My eye was caught by several graphic works on paper that were hanging on the walls - runes that had been roughly drawn with either a broad brush or a paw. They reminded me a bit of Chinese calligraphy - the crudest and most expressive examples. Hanging between two of these runes there was a branch of mistletoe - I learned that from the caption on the wall: to look at, it was simply a dry, pointed stick.

  The design on the carpet was curious, it showed a battle between lions and wolves - it looked like a copy of a Roman mosaic. The books on the only bookshelf were mostly massive illustrated editions (The Splendour of Rome, The New Revised History of the Russian Soul, The Origin of Species and Homosexuality and other, simpler titles about cars and guns). But then, I knew that the books on shelves like that had nothing to do with the taste of their owners, because they were chosen by the interior designers.

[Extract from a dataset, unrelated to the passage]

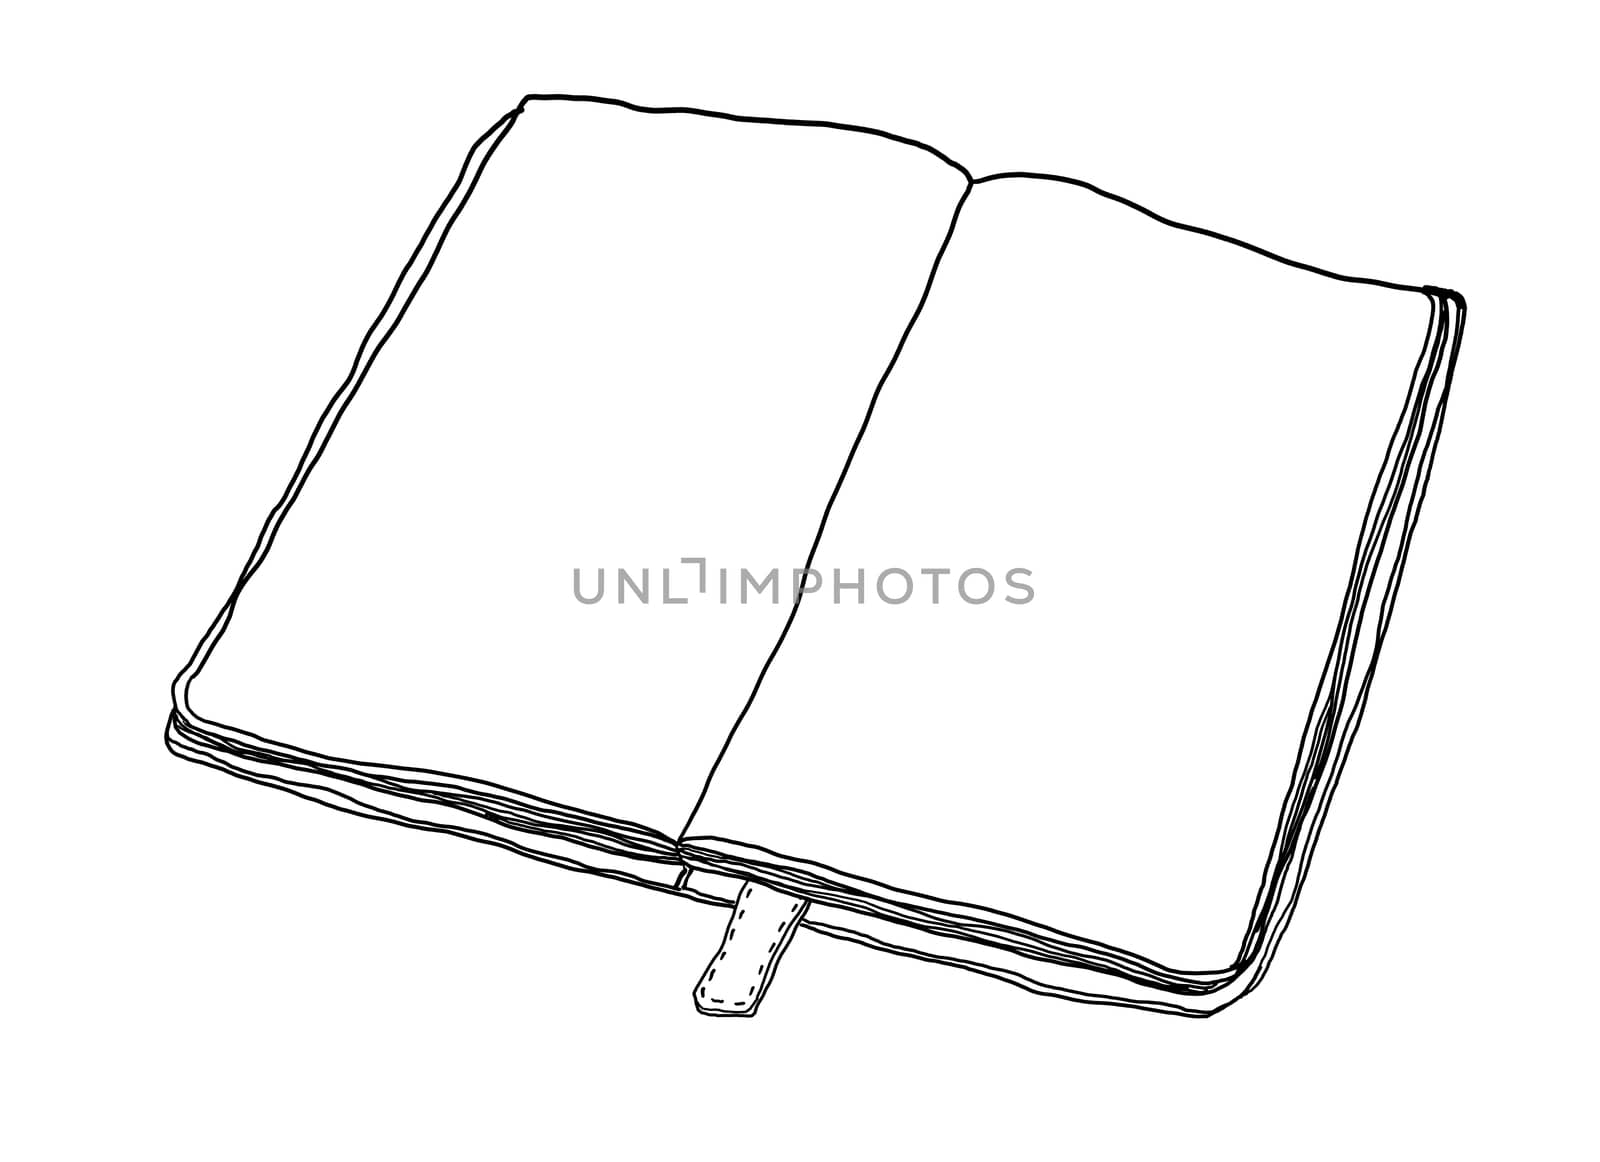 red notebook Open Blank Page line art illusyration

  Having concluded my inspection, I went across to the glass door on to the roof. The view from there was beautiful. Down below were the dark pits of pre-Revolutionary courtyards improved by restoration work. Towering up above them were a few new buildings of the phallic architecture - an attempt had been made to insert them smoothly and gently into the historical landscape, and the result was that they looked as if they were smeared with some kind of personal lubricant. After them came the Kremlin, proudly thrusting up to the clouds its ancient dicks with the gold balls sewn into their tops.

  This damned job, I thought, it’s terrible how badly it’s perverted my perception of the world. But then, has it really perverted it all that much? It’s all the same to us foxes - we pass through life and barely touch it, like a light shower of rain in Asia. But to be a human being here is hard. Take one step away from the secret national gestalt, and this country will screw you over. A theorem that has been proved by every life followed through to the end, no matter how many glamorous coverlets you spread over the daily festival of life. I should know, I’ve seen plenty of it. Why? I have my own suspicions, but I won’t go into the subject. People probably aren’t simply born here by chance, it’s no accident . . . And no one is able to help anyone else. Could that be the reason why Moscow sunsets always make me feel so sad?